I suspect I could figure out, or at least know where to start, part b if I knew part a (If t is an integer, then $\displaystyle a^t=e$ iff n is a divisor of t)

But, I just don't know what to do with part a...

From what I understand, $\displaystyle a^m=e$ and $\displaystyle b^n=e$

I have done all sorts of random inserts of $\displaystyle a^m$, $\displaystyle a^m * a^-m$ , etc. Nothing seems to give me what I need though... erm, I was wondering, since $\displaystyle a^m=e$ does $\displaystyle a^{-m}=e$?

The trick is that in an abelian group, $\displaystyle (ab)^m=a^mb^m$...as simple as that!
Tonio

3. Originally Posted by Zorae
a) Prove that if a and b are elements of an Abelian group G, with o(a) = m and o(b) = n, then $\displaystyle (ab)^{mn}= e$ .

b) With G, a, and b as in part (a), prove that o(ab) divides o(a)o(b).

c) Give an example of an Abelian group G and elements a and b in G such that o(ab) $\displaystyle \neq\$o(a)o(b). Compare part (b)

I suspect I could figure out, or at least know where to start, part b if I knew part a (If t is an integer, then $\displaystyle a^t=e$ iff n is a divisor of t)

But, I just don't know what to do with part a...

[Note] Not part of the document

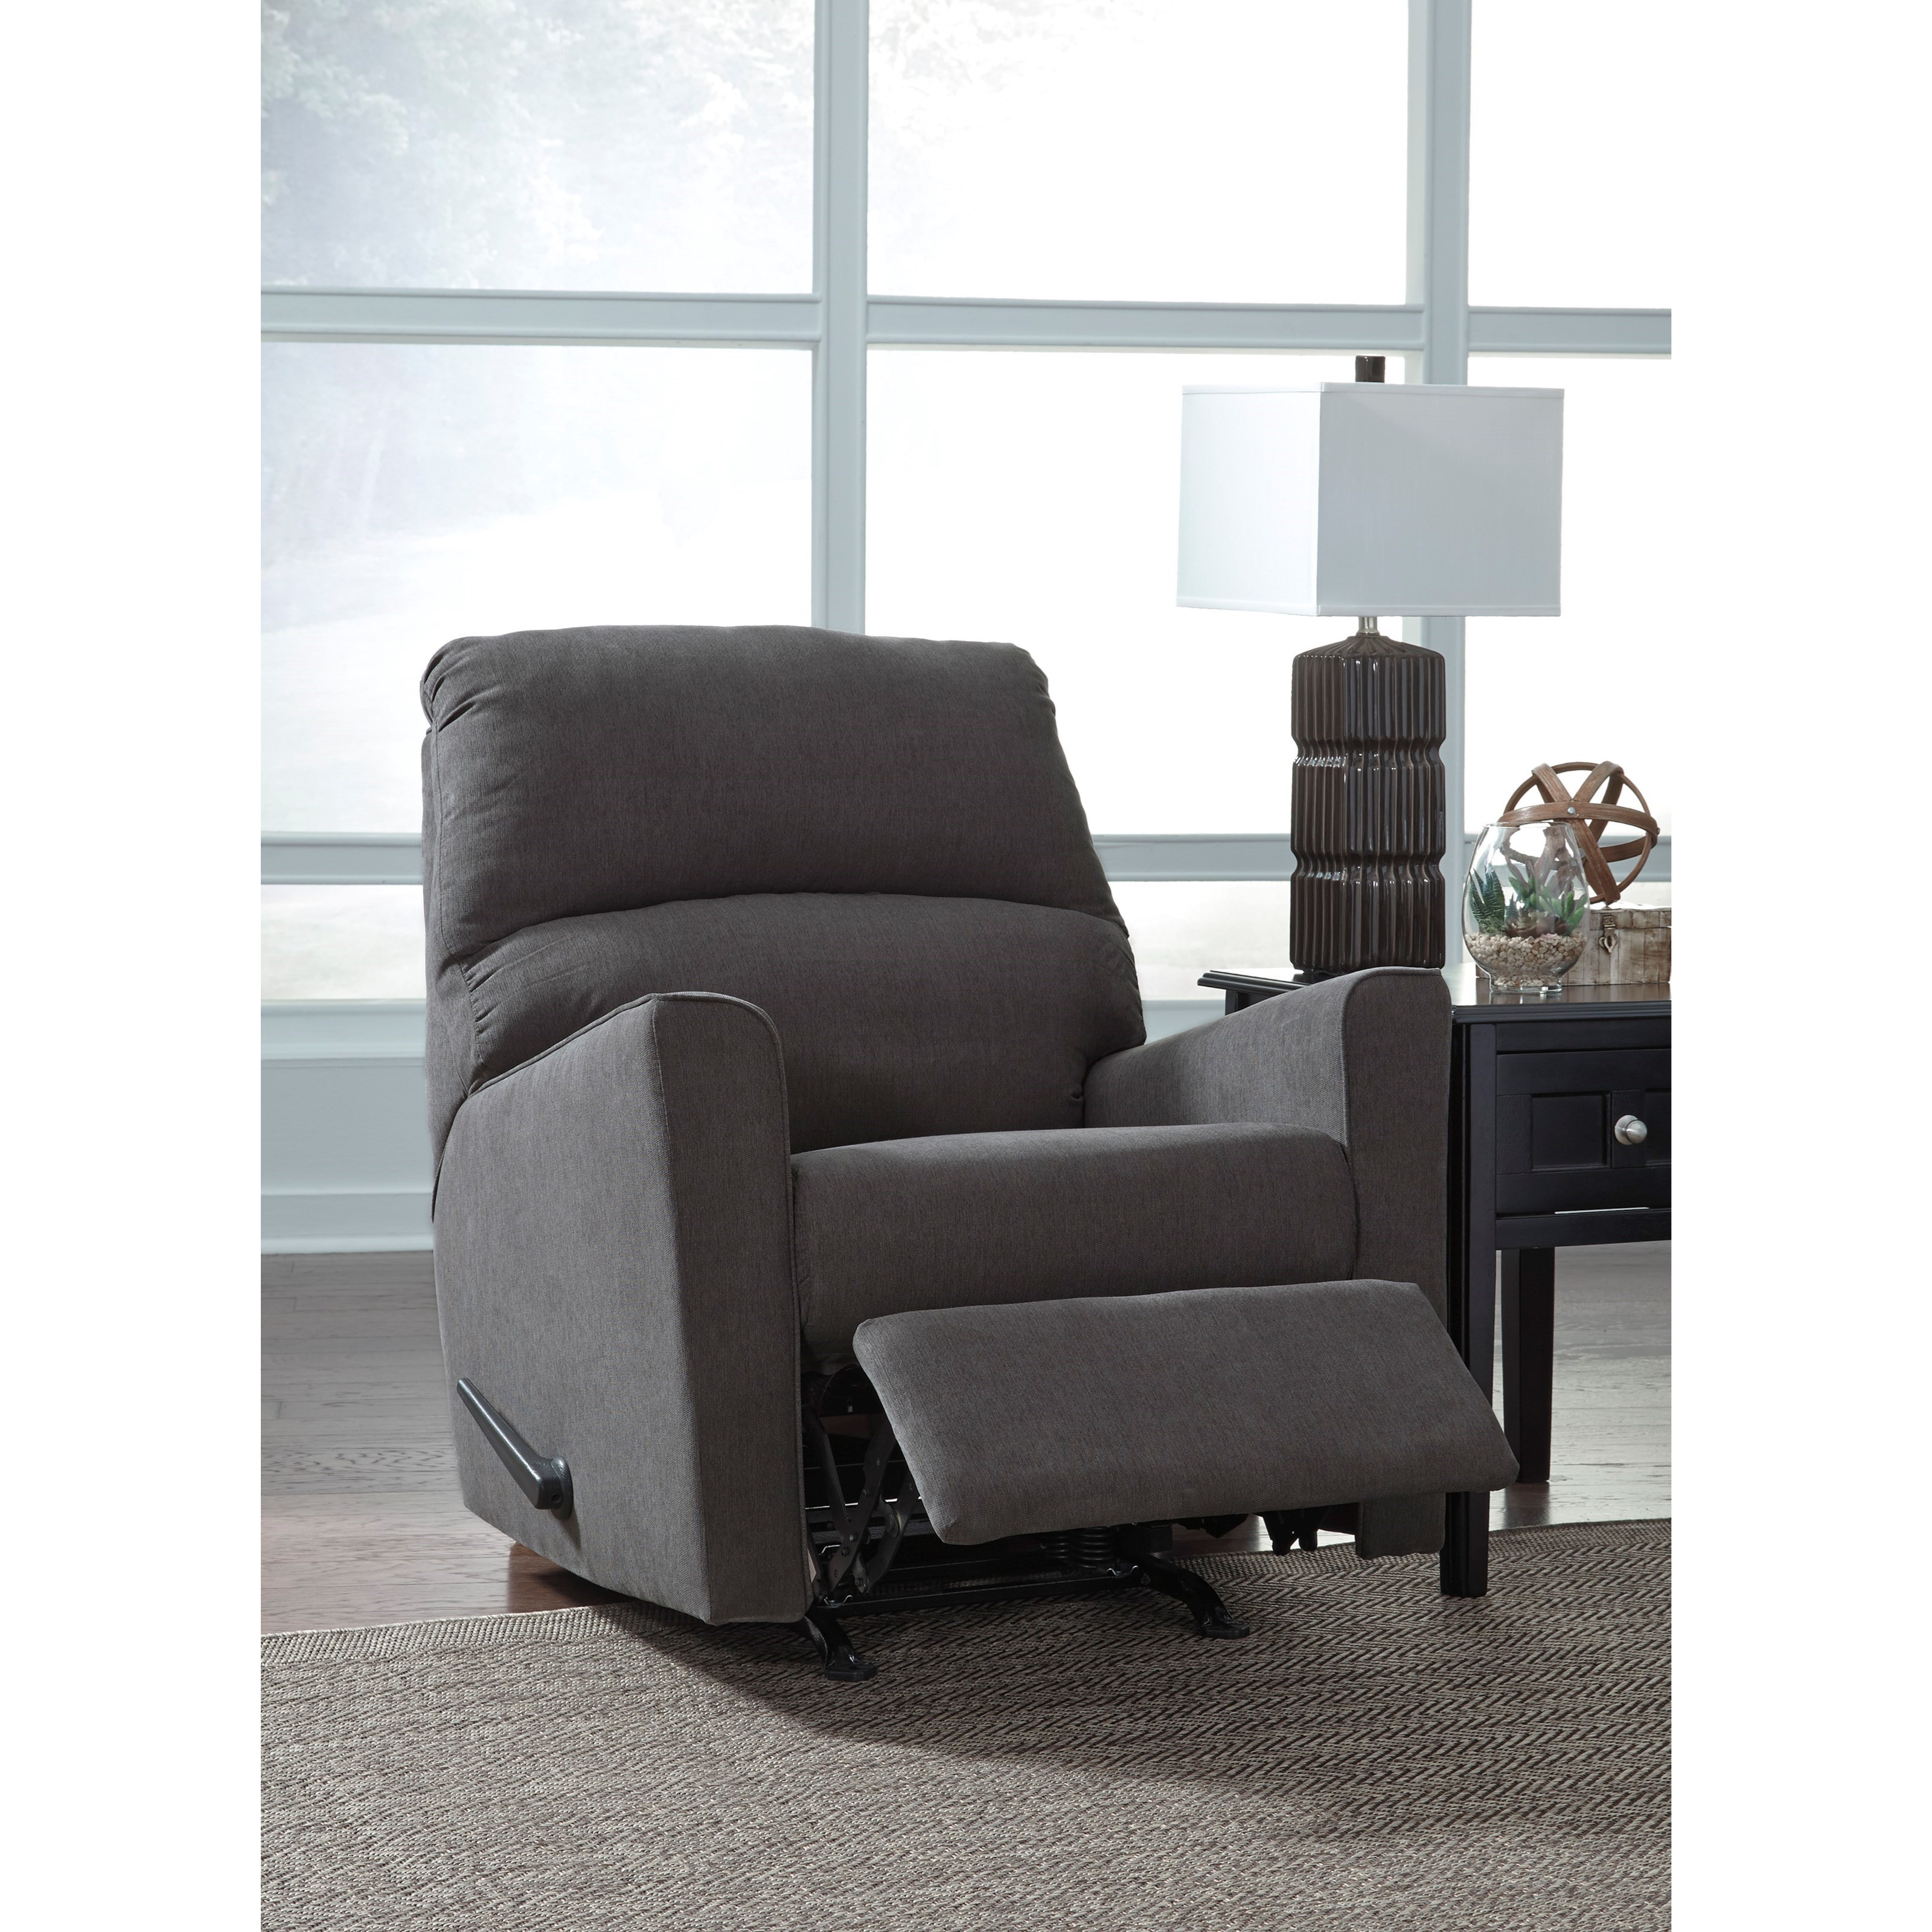 Ashley Furniture Manufacturer: Signature Design By Ashley Alenya

From what I understand, $\displaystyle a^m=e$ and $\displaystyle b^n=e$

I have done all sorts of random inserts of $\displaystyle a^m$, $\displaystyle a^m * a^-m$ , etc. Nothing seems to give me what I need though... erm, I was wondering, since $\displaystyle a^m=e$ does $\displaystyle a^{-m}=e$?
1) $\displaystyle a^m=e, b^n=e$, which follows $\displaystyle a^{mn}=e, b^{mn}=e$. Since G is abelian, $\displaystyle (ab)^{mn}=a^{mn}b^{mn}=e$.
2) Let o(a)=m, o(b)=n. By using the basic number theory property, we see that mn=gcd(m,n)lcm(m,n). We know that $\displaystyle a^{lcm(m,n)}=e$ and $\displaystyle b^{lcm(m,n)}=e$. Since G is abelian, it follows that $\displaystyle (ab)^{lcm(m,n)}=e$. Thus o(ab) | lcm(m,n) and o(ab)|mn.

3) Check 2 and 3 in $\displaystyle \mathbb{Z}_4$.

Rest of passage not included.